Secretary Michael R. Pompeo With Bret Baier of Fox News Special Report

Michael R. Pompeo, Secretary of State

Via Teleconference

QUESTION:  Earlier this week, my colleague, Bret Baier, had an exclusive interview with Secretary of State Mike Pompeo.  Here’s the second part of that conversation.

QUESTION:  Joining us now, the Secretary of State of the United States, Mike Pompeo.

SECRETARY POMPEO:  Great to be back with you, Bret.  Thank you.

QUESTION:  The last time we talked, you had just come off saying that the Trump administration would be into its second term, essentially.  You have come to the conclusion that this transition process is happening even as the legal challenges continue?  Will you be right-seat/left-seating with the incoming team?

SECRETARY POMPEO:  I remember when I was the incoming guy at the Central Intelligence Agency.  The United States has one secretary of state at a time, but we know right-seat/left-seat.  We’ll have one secretary of state and one president for the duration.  But those things that are required that the President has directed us to do in compliance with the decision that the GSA made yesterday, we’ll do all of those things.  It’s a legal requirement, and we’ll always honor that promise.

QUESTION:  When it comes to Afghanistan, where are you on zero troops in Afghanistan?

SECRETARY POMPEO:  Well, it’s the mission set.

QUESTION:  But I mean before January 20th?

SECRETARY POMPEO:  Well, the President will obviously make the decision on that.  The President to date has said that we’re going to go from where we are today, something just over 4,000, to around 2,500.  But Bret, don’t fall in the trap of thinking about America’s security related to the number of soldiers on the ground in any one place.  The threat from terrorism around the world – from Islamic extremism, Islamic terrorism – is real.  It doesn’t just emanate from Afghanistan.
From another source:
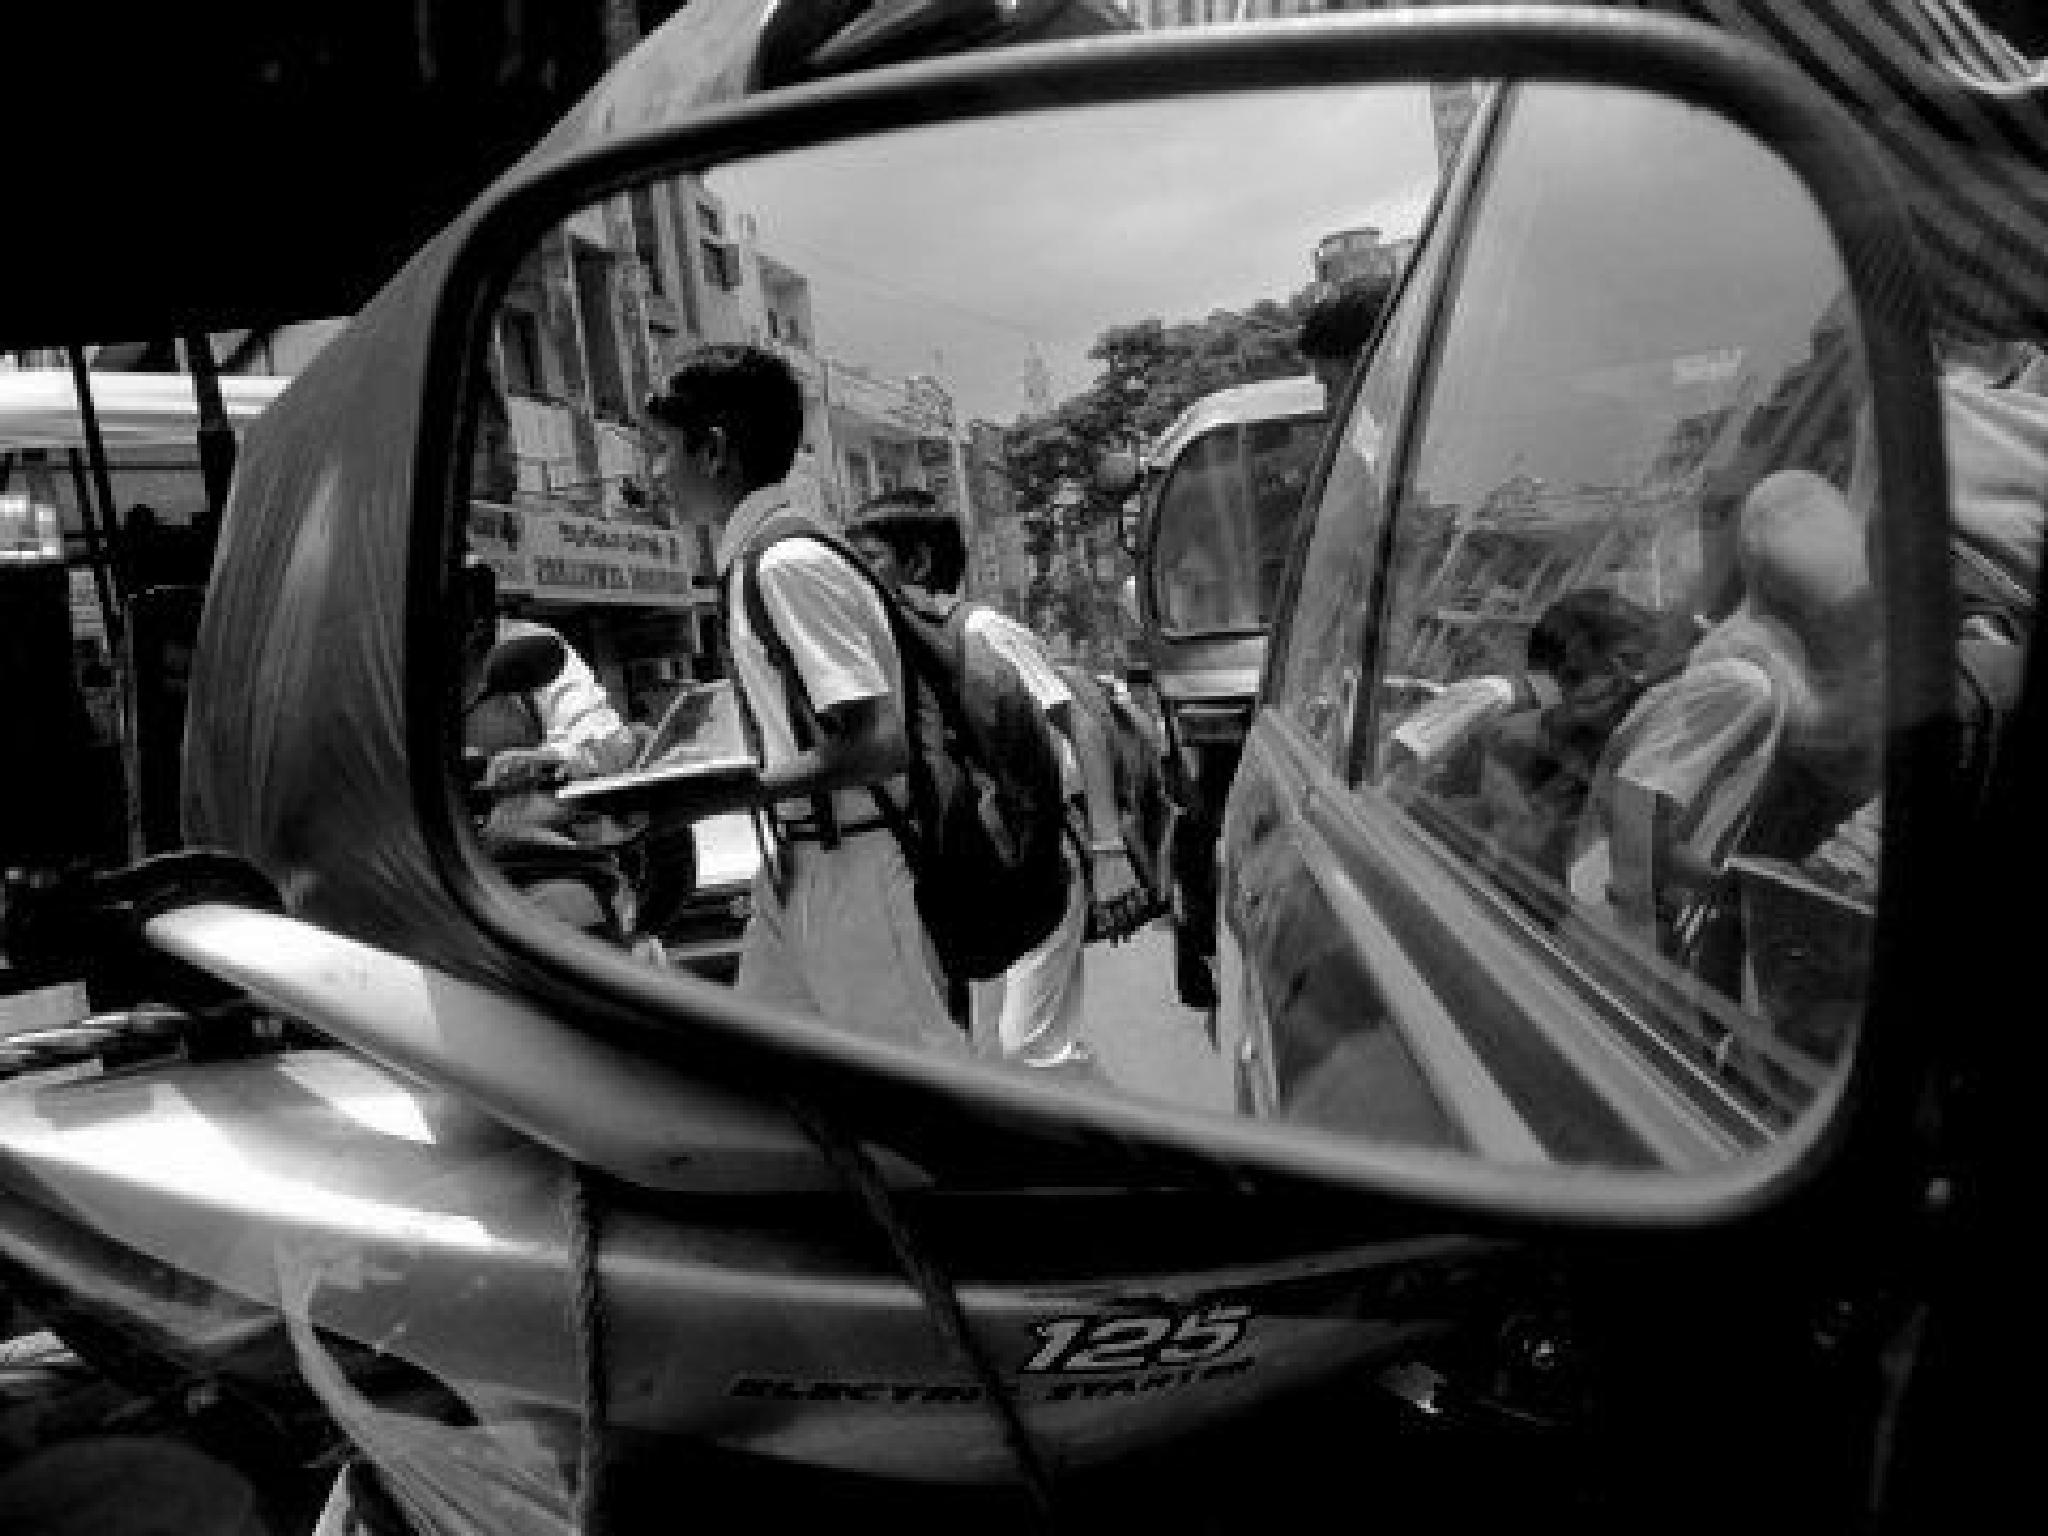 street photography -vanishing childhood  by annapoorna.sitaram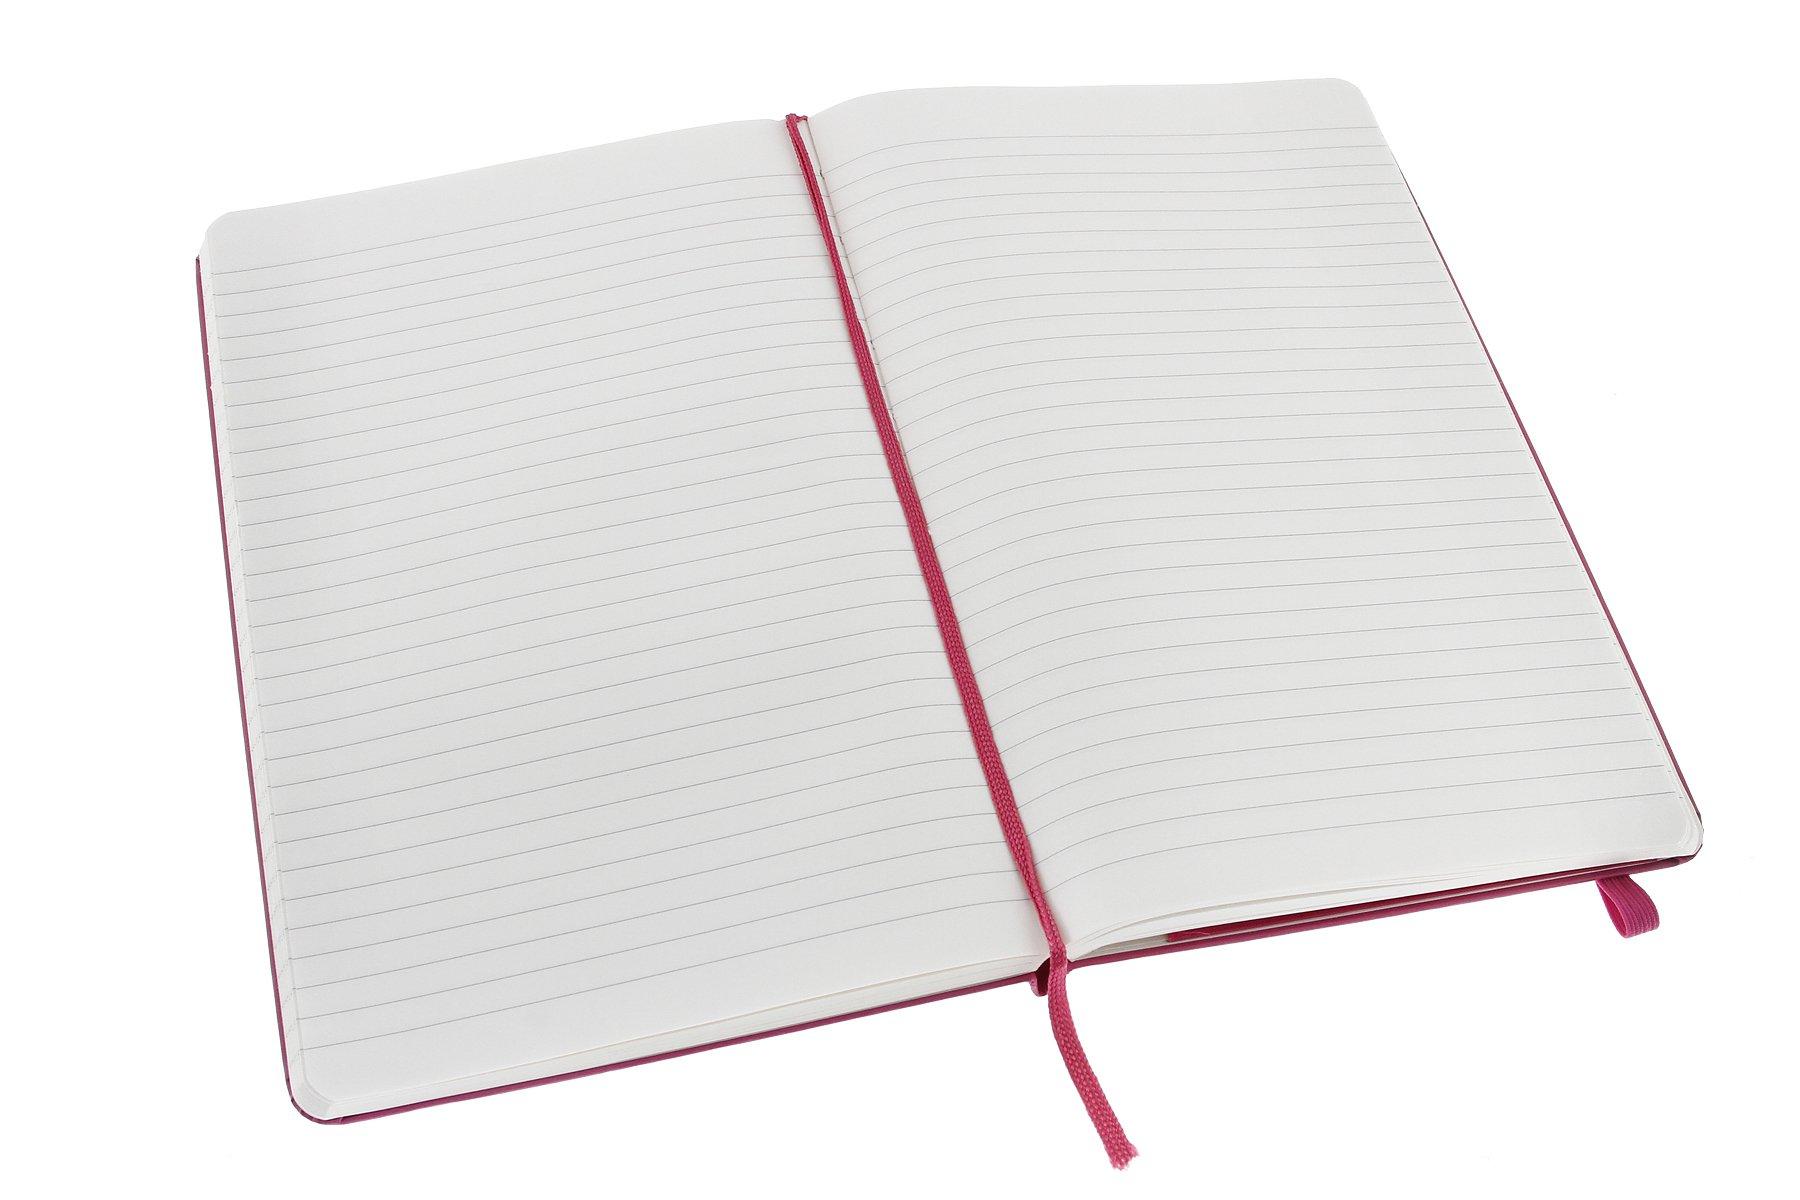 Moleskine Classic Notebook, Large, Ruled, Magenta, Hard Cover (5 x 8.25)

We have the force posture right today.  We’re going to keep it right.  We’ll get our troops home when we can, and we’ll do the things we need to do.  If Qasem Soleimani is a problem, we’ll go crush them.  If Hamza bin Ladin presents a risk, we’ll take him out.  President Trump has been very clear we’re going to protect and secure the homeland, but we’re not going to have our young men and women in harm’s way when it doesn’t deliver real security benefits for the United States and for our allies.

QUESTION:  I guess some people look at it when you stood for that photo with the Taliban in February and the signed accord and the negotiations were still ongoing, the deal was down to 4,500, not 2,500.  Was that somehow changed by the troop numbers that the President put out, and did it hurt the negotiations with the Taliban?

SECRETARY POMPEO:  No, Bret, the agreement we signed in February talked about getting down to zero by May based on a set of conditions on the ground.  That was what we’d agreed to.  We have made some progress.  We’ve had significant prisoner releases.  We have violence levels that have reduced risks to Americans significantly over this time period since February of last year.

Afghanistan’s violence levels are still higher than they need to be.  I was with the Afghan Government negotiators and with the Taliban negotiators just this past weekend in Dota, Qatar.  I talked to each of them about the need to continue to conduct the negotiations which will lead to a unified, independent Afghanistan that protects all the gains that have been made over these past years, and the fact that they need to take violence levels down even further, and that the Taliban need to honor the commitment they made to make sure that there’s not a terror attack that takes place from Afghan soil.

Those are the parts of the negotiation that continue.  There is still work to do, but we’re headed in the right direction.  We are safer here in the United States today as a result of the things the Trump administration has done not only in Afghanistan but throughout that region.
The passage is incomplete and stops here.